> _Material provided_:
+-------+

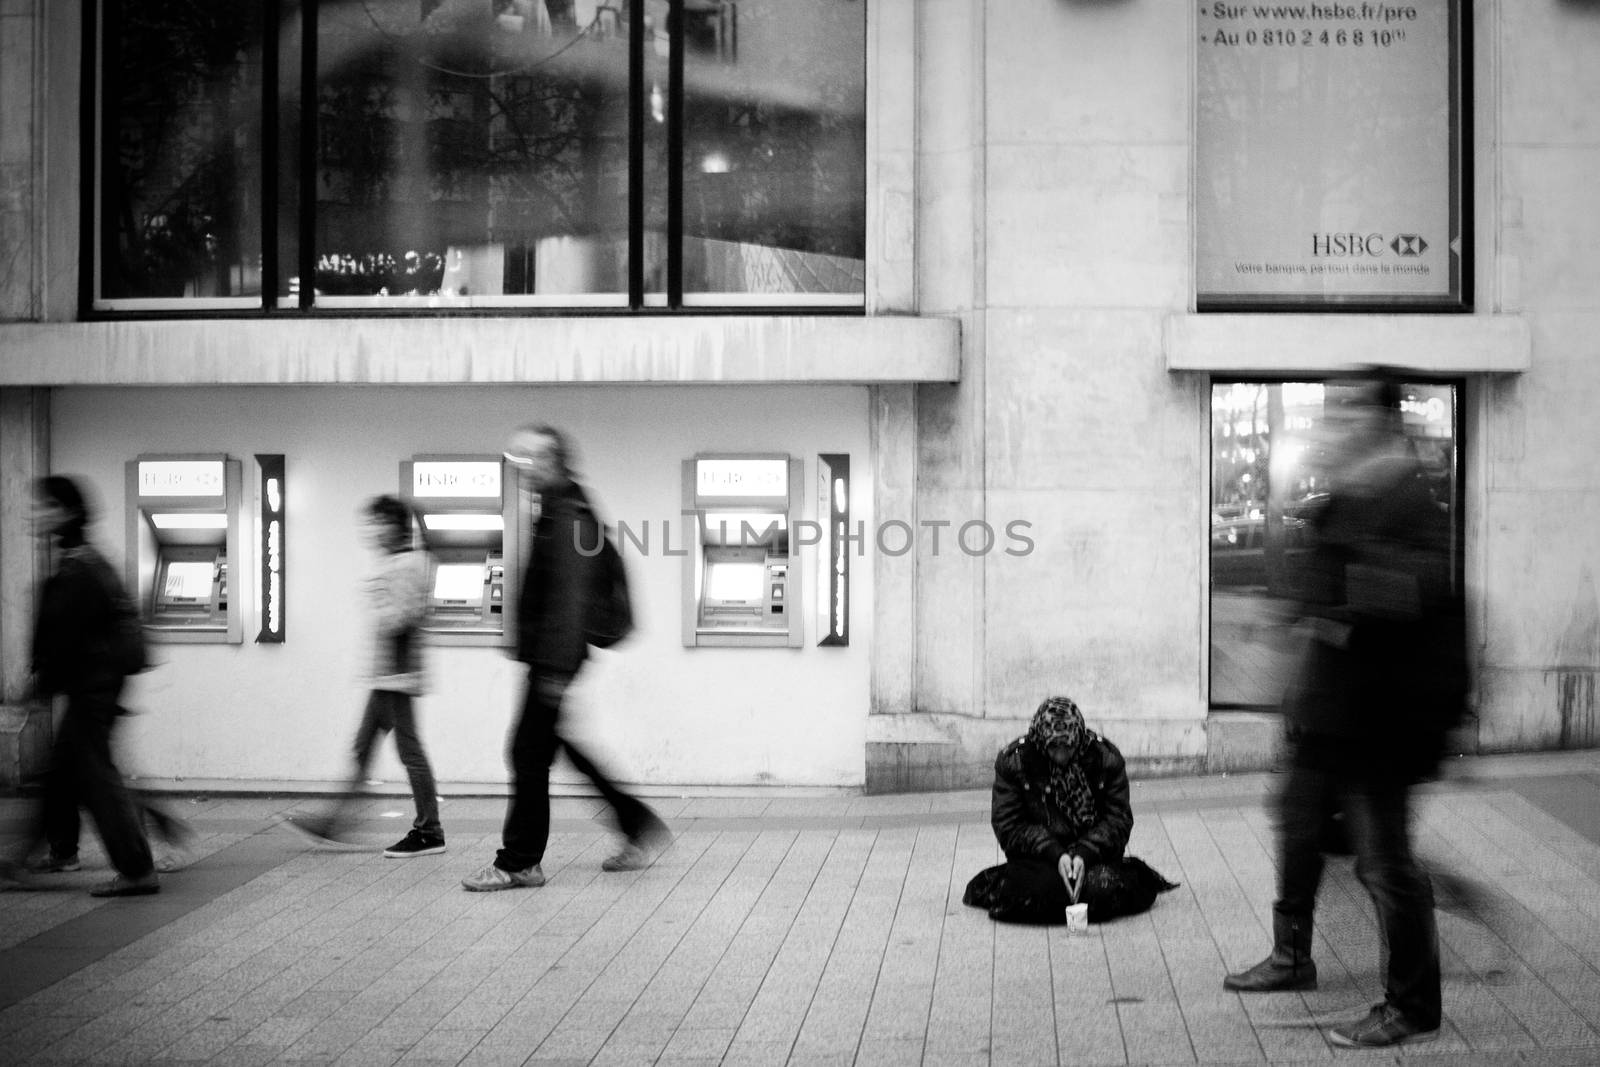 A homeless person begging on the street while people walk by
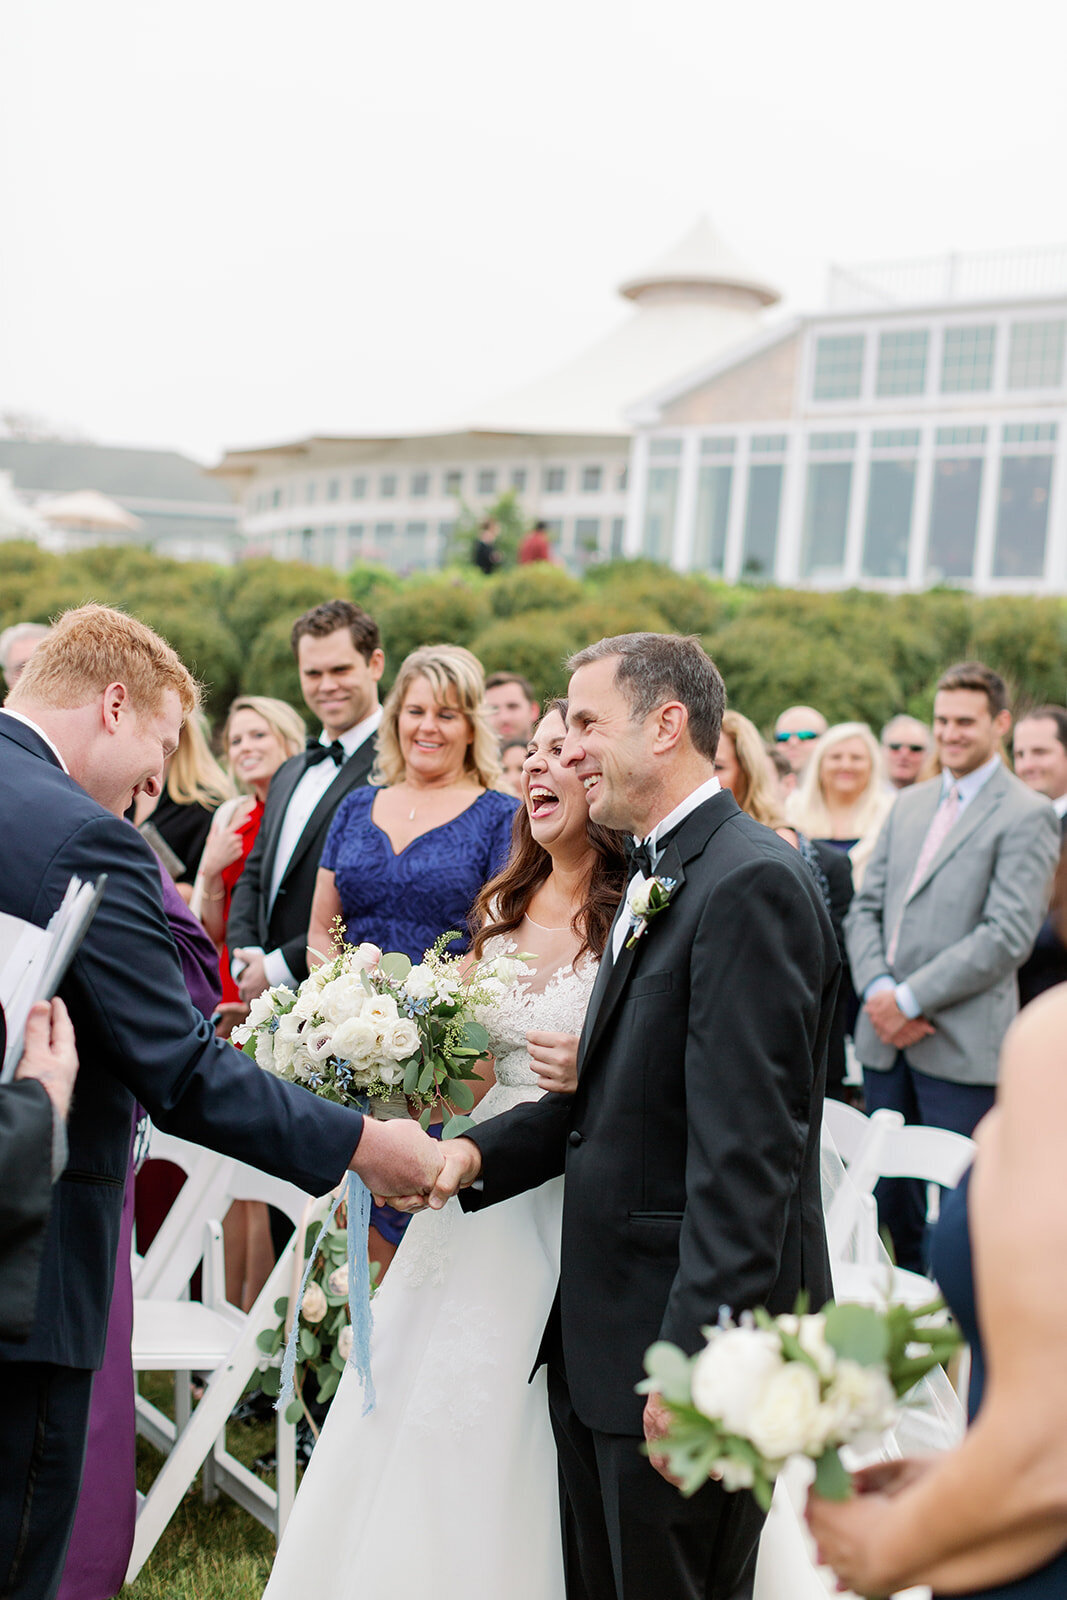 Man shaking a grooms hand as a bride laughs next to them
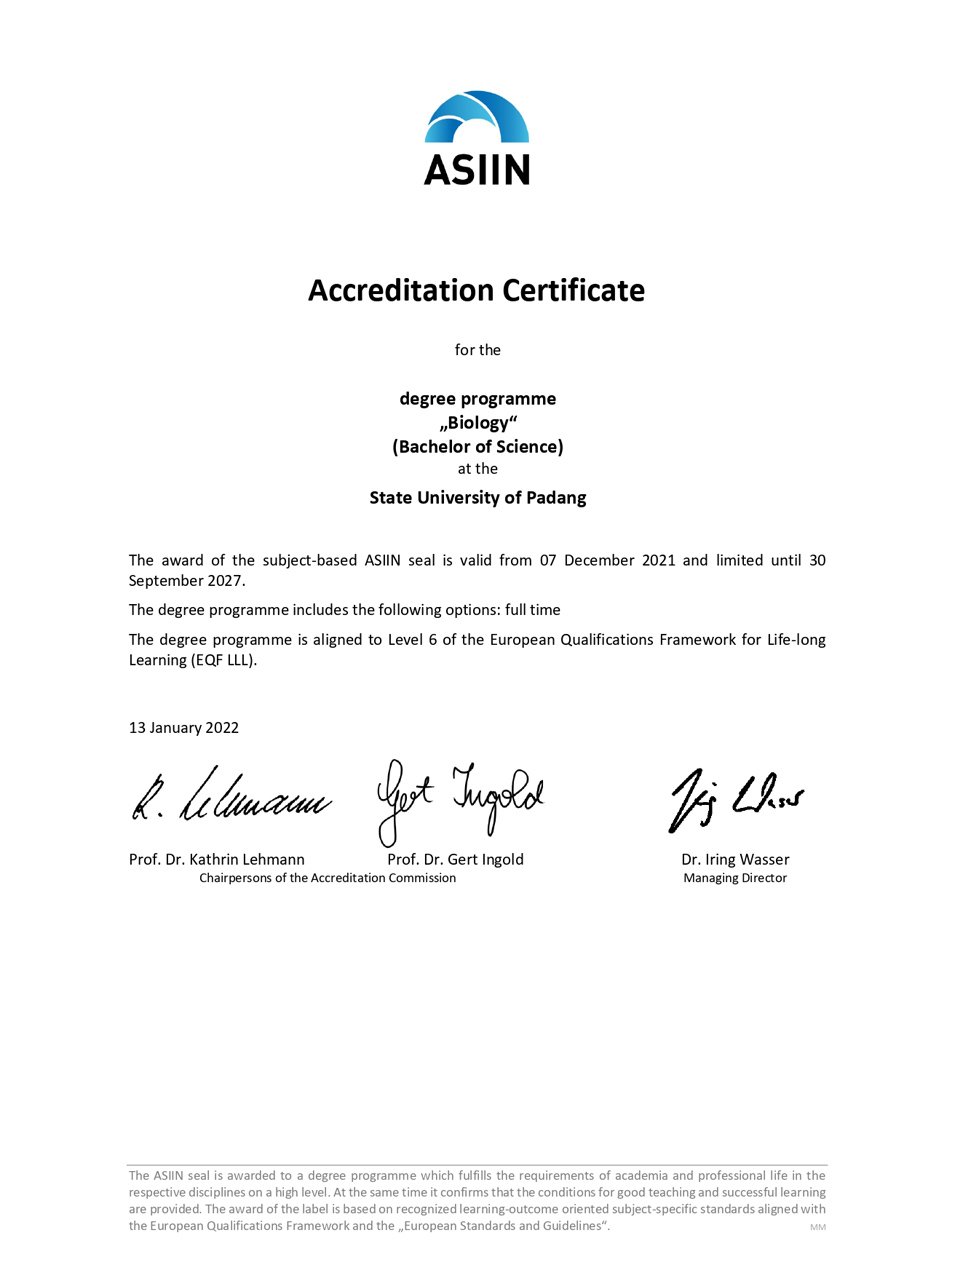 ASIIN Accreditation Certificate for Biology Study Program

+-------+

> _Work request_:
The expected answer is the whole listing above, copied exactly, with images excluded.

> _Exercise answer_:
 A homeless person begging on the street while people walk by
 Man shaking a grooms hand as a bride laughs next to them
 ASIIN Accreditation Certificate for Biology Study Program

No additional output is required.